#### Data section

★ ★ ★ ★ ★ ★ ★

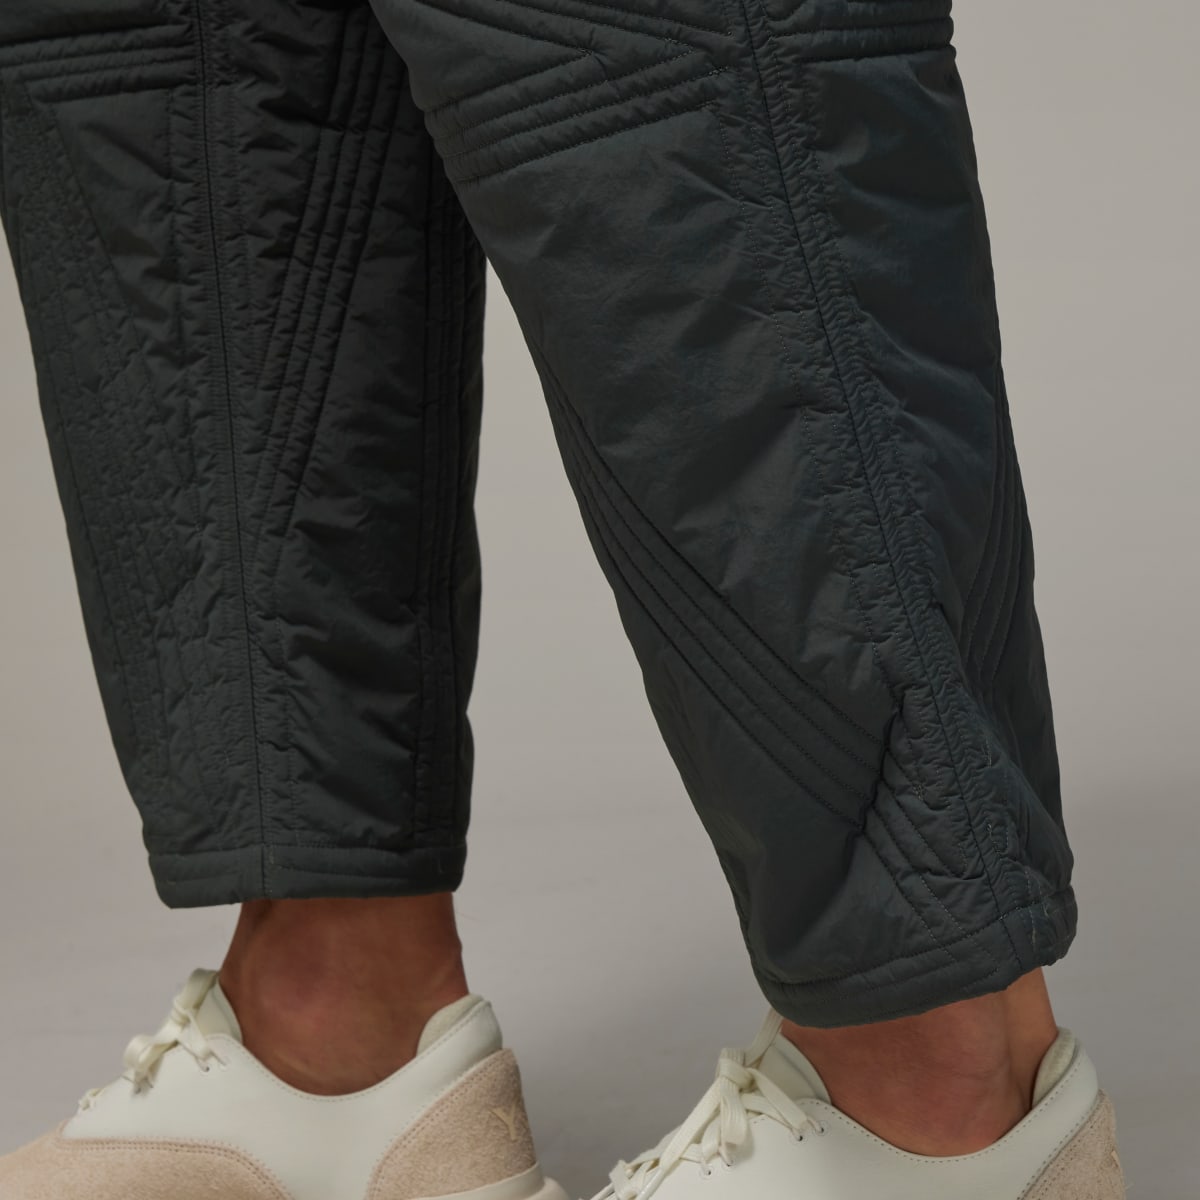 Adidas Y-3 Quilted Pants. 8
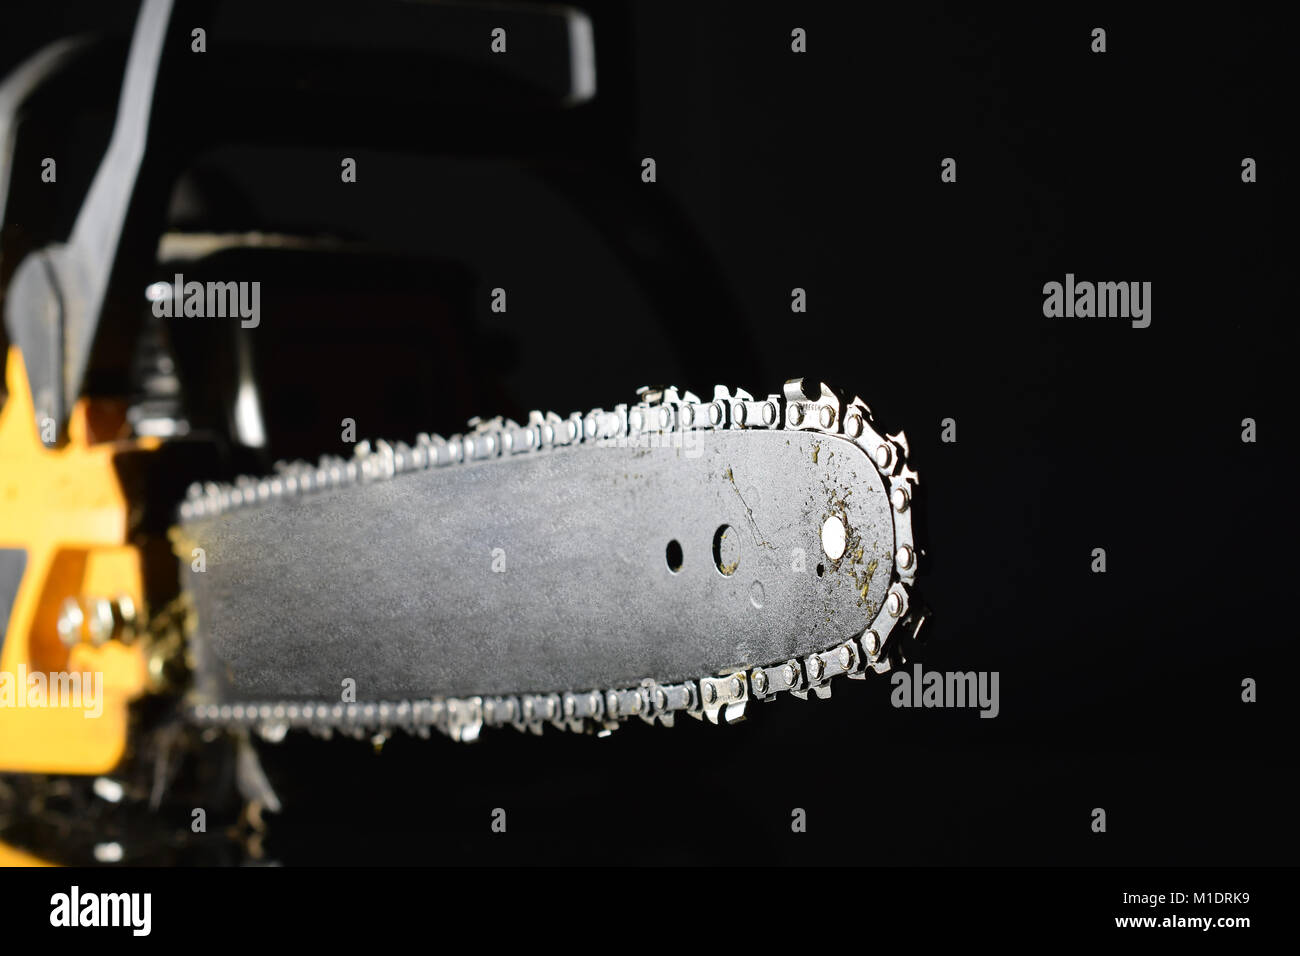 Chainsaw studio close up image. Shallow depth of field. Stock Photo
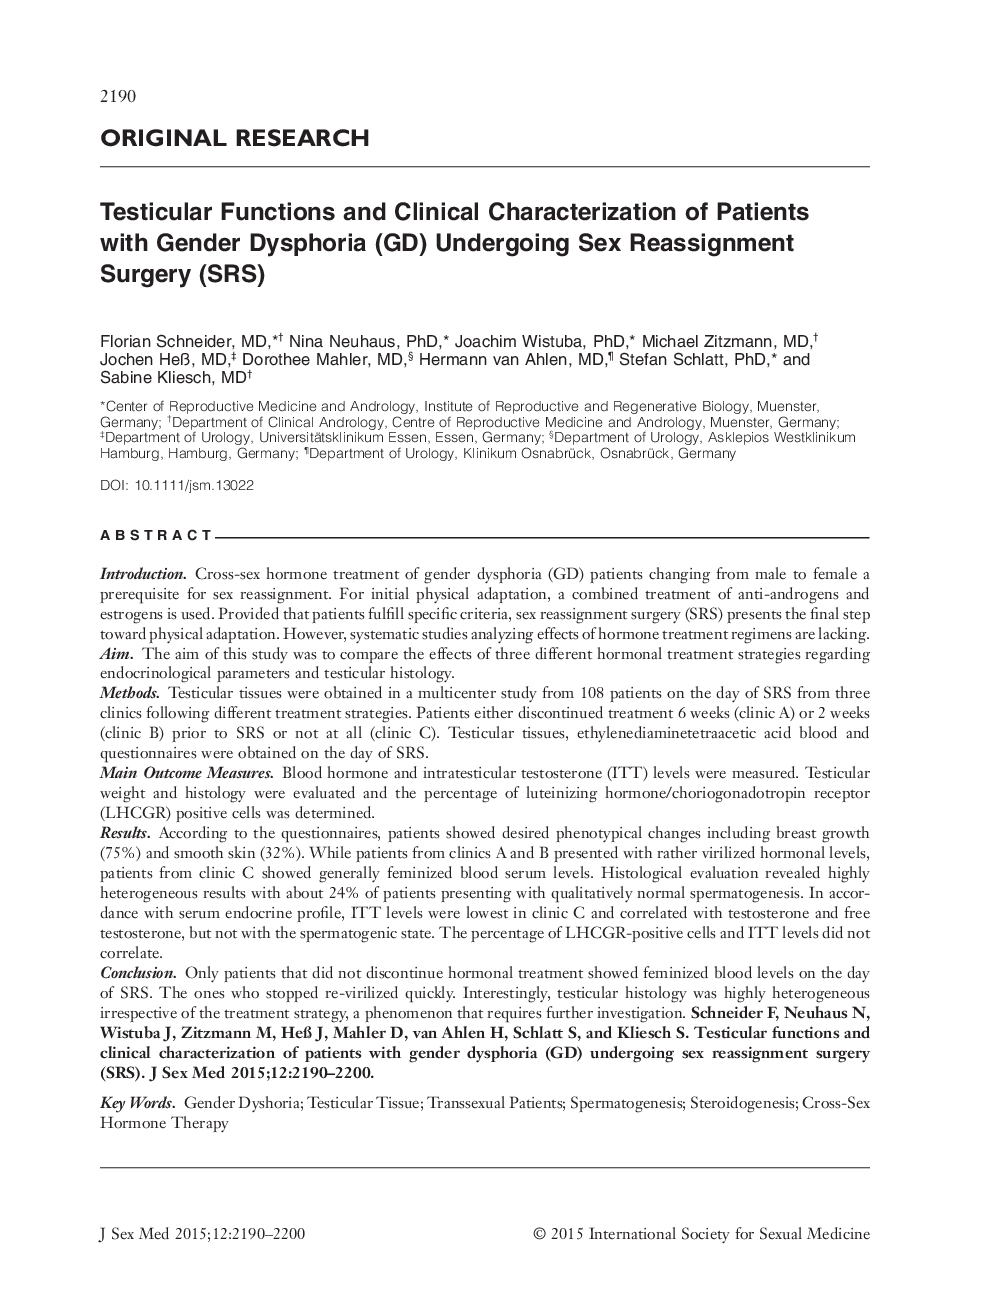 Testicular Functions and Clinical Characterization of Patients with Gender Dysphoria (GD) Undergoing Sex Reassignment Surgery (SRS)
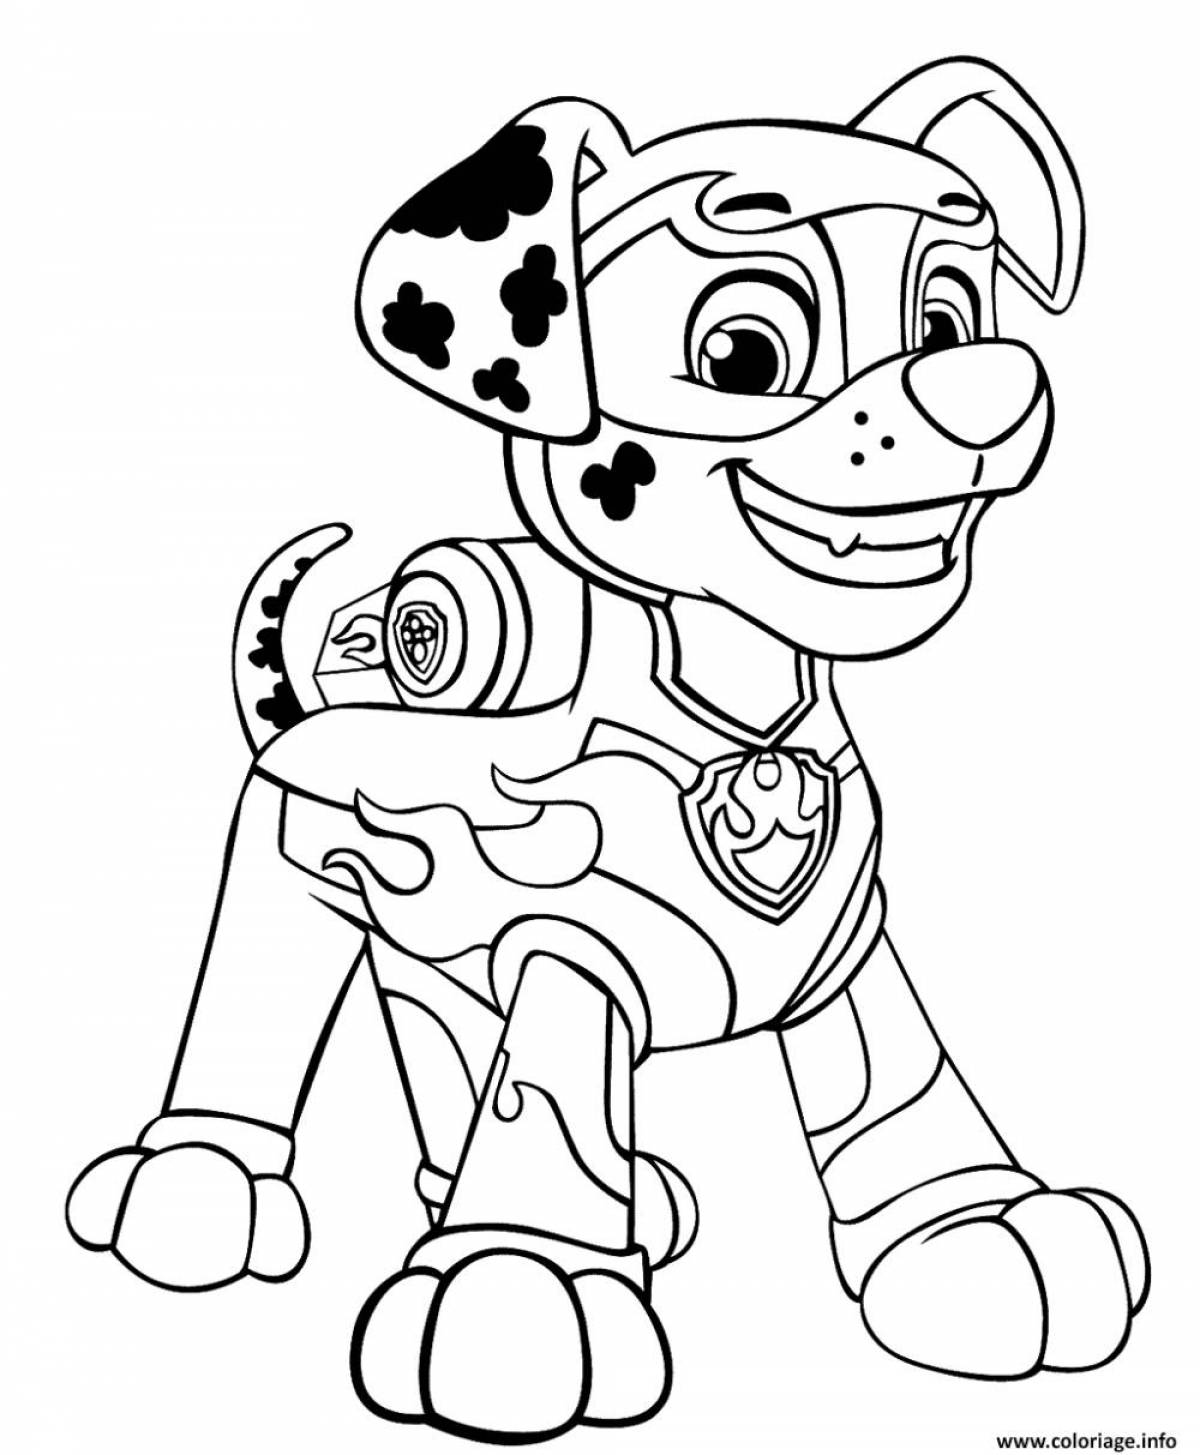 Paw patrol for children 6 7 years old #6

★ ★ ★ ★ ★ ★ ★

#### Exercise instructions
Every line above is to be given again exactly, apart from the pictures.

#### Problem solution
 Adidas Y-3 Quilted Pants. 8
 Chainsaw studio close up image. Shallow depth of field. Stock Photo
 Testicular Functions and Clinical Characterization of Patients with Gender Dysphoria (GD) Undergoing Sex Reassignment Surgery (SRS)
 Paw patrol for children 6 7 years old #6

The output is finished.